I was a husband of seven-plus (eight that September) years to my lovely wife, Shannon, and a dad to two little girls, Isabella (3) and Gabrielle (1). I was also a volunteer worship leader at a growing six-year-old church holding worship gatherings in a former warehouse in the industrial part of our small southern Indiana town.
Like so many, I was trying to figure out many things all at once.
Marriage. Fatherhood. A career. What I believed about God and faith.
In those days, the podcast was a new invention and nothing resembling the media behemoth it is today. However, as I mentioned, I was young and was all in on this new development. The year prior, I had started podcasting our church’s sermons and found this mode of delivery to be the great wave of the future — even if our region was another 10 years away from discovering it.
Because the faith of my adulthood was still in its elementary years, I saw this phenomenon as a chance to hear preaching and other faith-building content from all across the country and even around the world. One day after the newspaper’s deadline, while in the beginning stages of designing the next day’s feature pages, I began searching for content from young evangelical phenom Rob Bell. He pastored a church called Mars Hill Bible Church in Grand Rapids, Mich.
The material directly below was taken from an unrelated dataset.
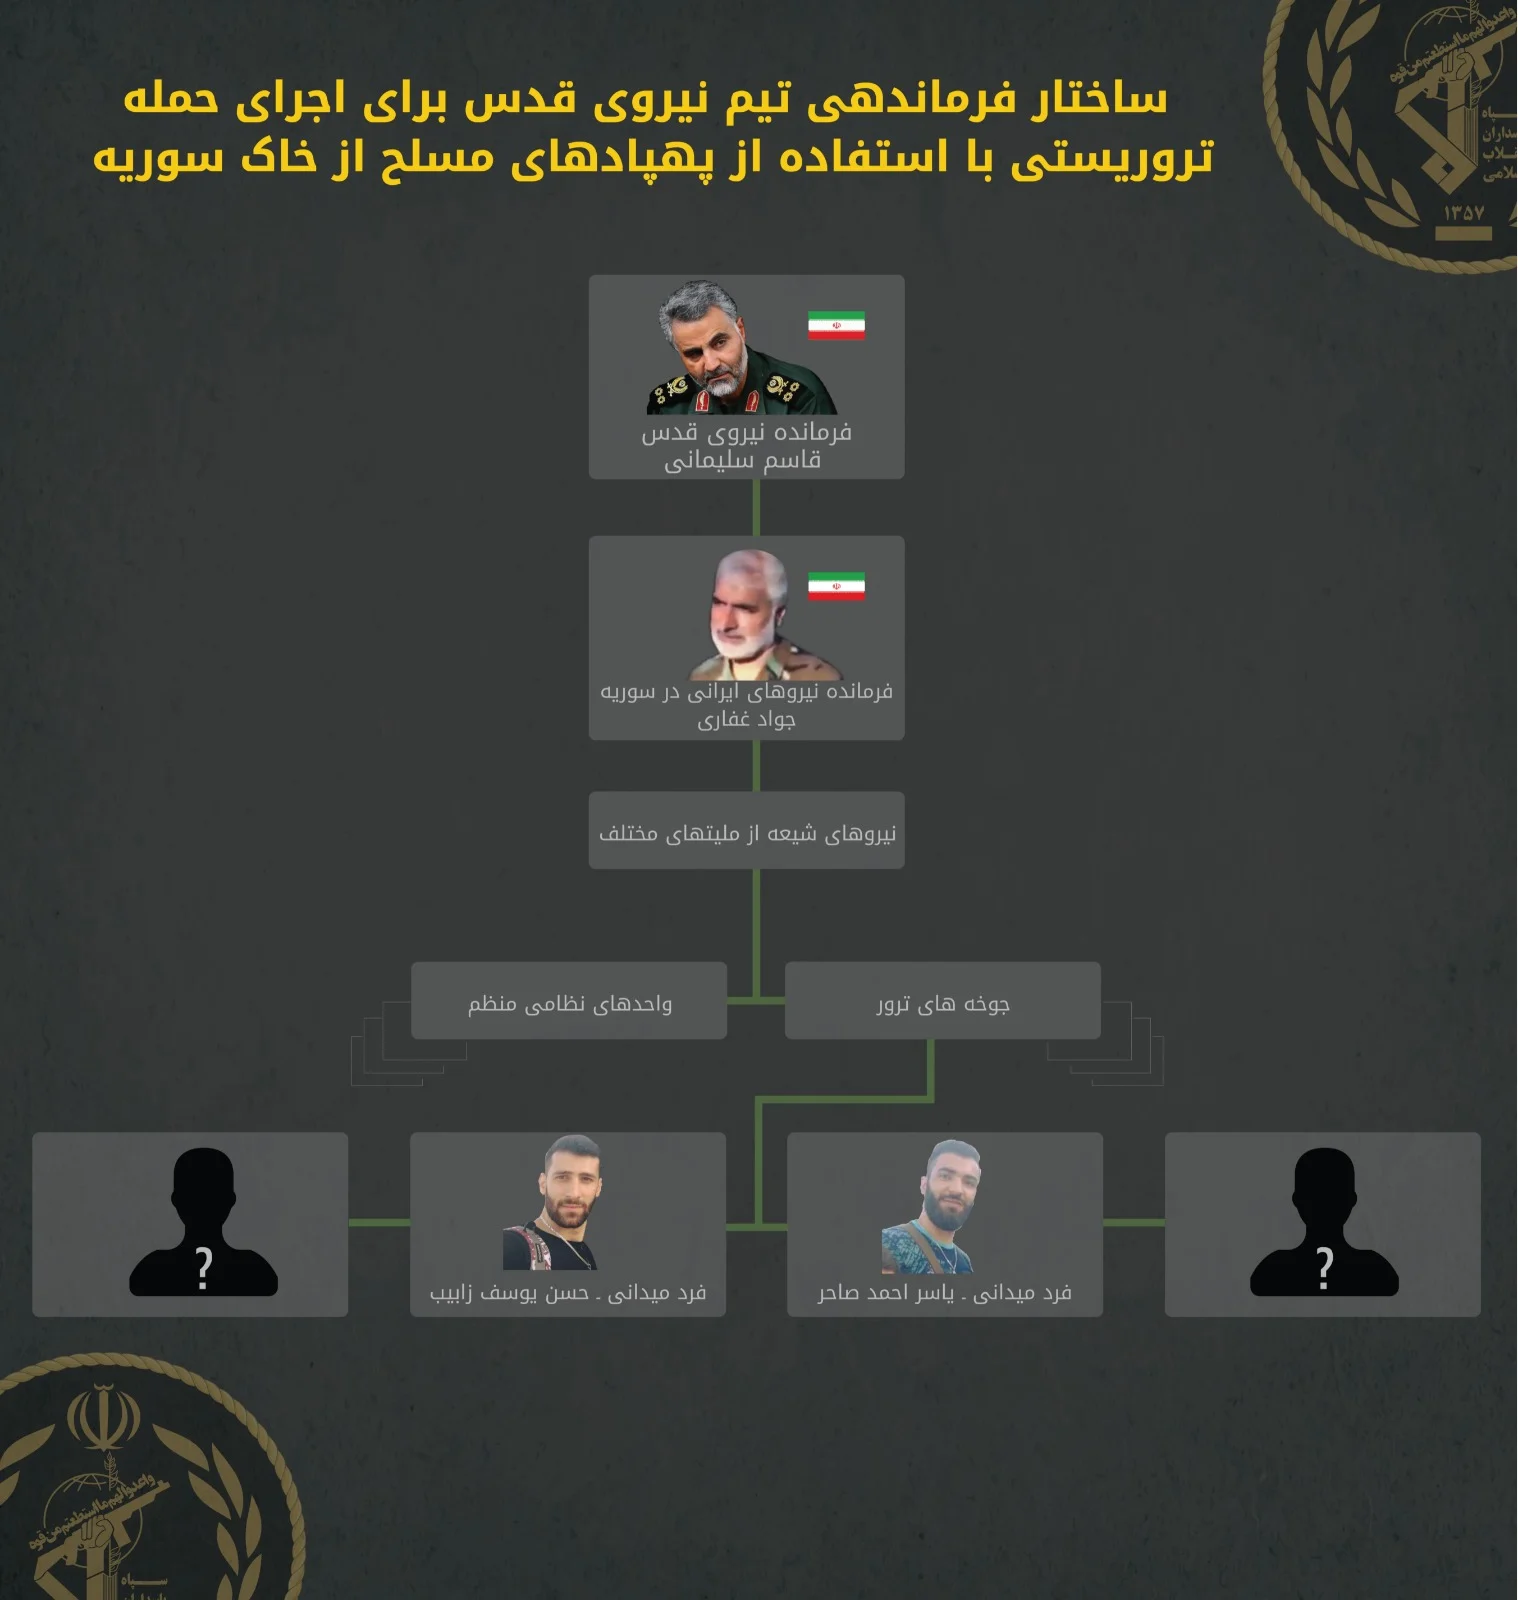 מבנה הפיקוד על חוללית כוח קדס לביצוע פיגוע רחפנים מסוריה בפרסית

I searched for ‘Mars Hill’ in my podcast search feature and stumbled across a sermon called Christ on the Cross: Jesus Took Our Wrath from Sunday, November 13, 2005.
Right away I realized this wasn’t Rob Bell speaking, but I thought, perhaps, it was another preacher on their staff, so I kept listening.
I listened to the majority of the sermon, went to our Main Street home for lunch, and, in the kitchen, half-jokingly/half-worriedly told my wife, “I think I’m going to hell.”
To condense the story greatly, what I heard that day in 2006 set me off on a spiritual path that would be a major part of my spiritual development and affect me even to this day.
Mark Driscoll, for better and worse, was now in my vocabulary, helping set a course for my spiritual and, sometimes, physical, life.
Obviously, the name Mark Driscoll in certain circles evokes much emotion and dialogue. From the rise and fall of Mars Hill to, well, The Rise And Fall Of Mars Hill, Driscoll’s firebrand image and preaching would permeate me in a way few other preachers, even my own pastors past and present, have. I endlessly promoted his preaching, his writings, his books, his videos, his discipleship curriculum, his way of “doing church,” and on and on and on, to almost anyone who would listen. I was Team Driscoll. Team Reformed Theology. Team my team.
This all probably culminated for me in mid-2013 when I applied for a worship leader position opening at the church’s Everett (Wash.) Campus. Thankfully, they never even considered me for that role and we, as it turns out, dodged a pretty big bullet. As I look back now, God saved us from my foolishness.
Driscoll’s ascension and my fandom (and, yes, as weird as that is, I was most definitely a fan of a preacher) was definitely a case of right/wrong place and time. I was seeking and he had definite answers. I was growing up and he showed what I should be doing — in definite, black and white terms. I was trying to be a good dad and a good husband and he had verses to give me and direction to provide. I was looking to make an impact with the ministry God had granted me and he was there, complete with a roadmap and a bus. I was struggling with the vices of life so many young men grapple with and he was there to yell at me, to forcefully tell me to knock it off. I was hungry to make my faith my own and he provided teaching unlike any I had ever heard that seemed rock-solid and was lauded by other heroes of the faith.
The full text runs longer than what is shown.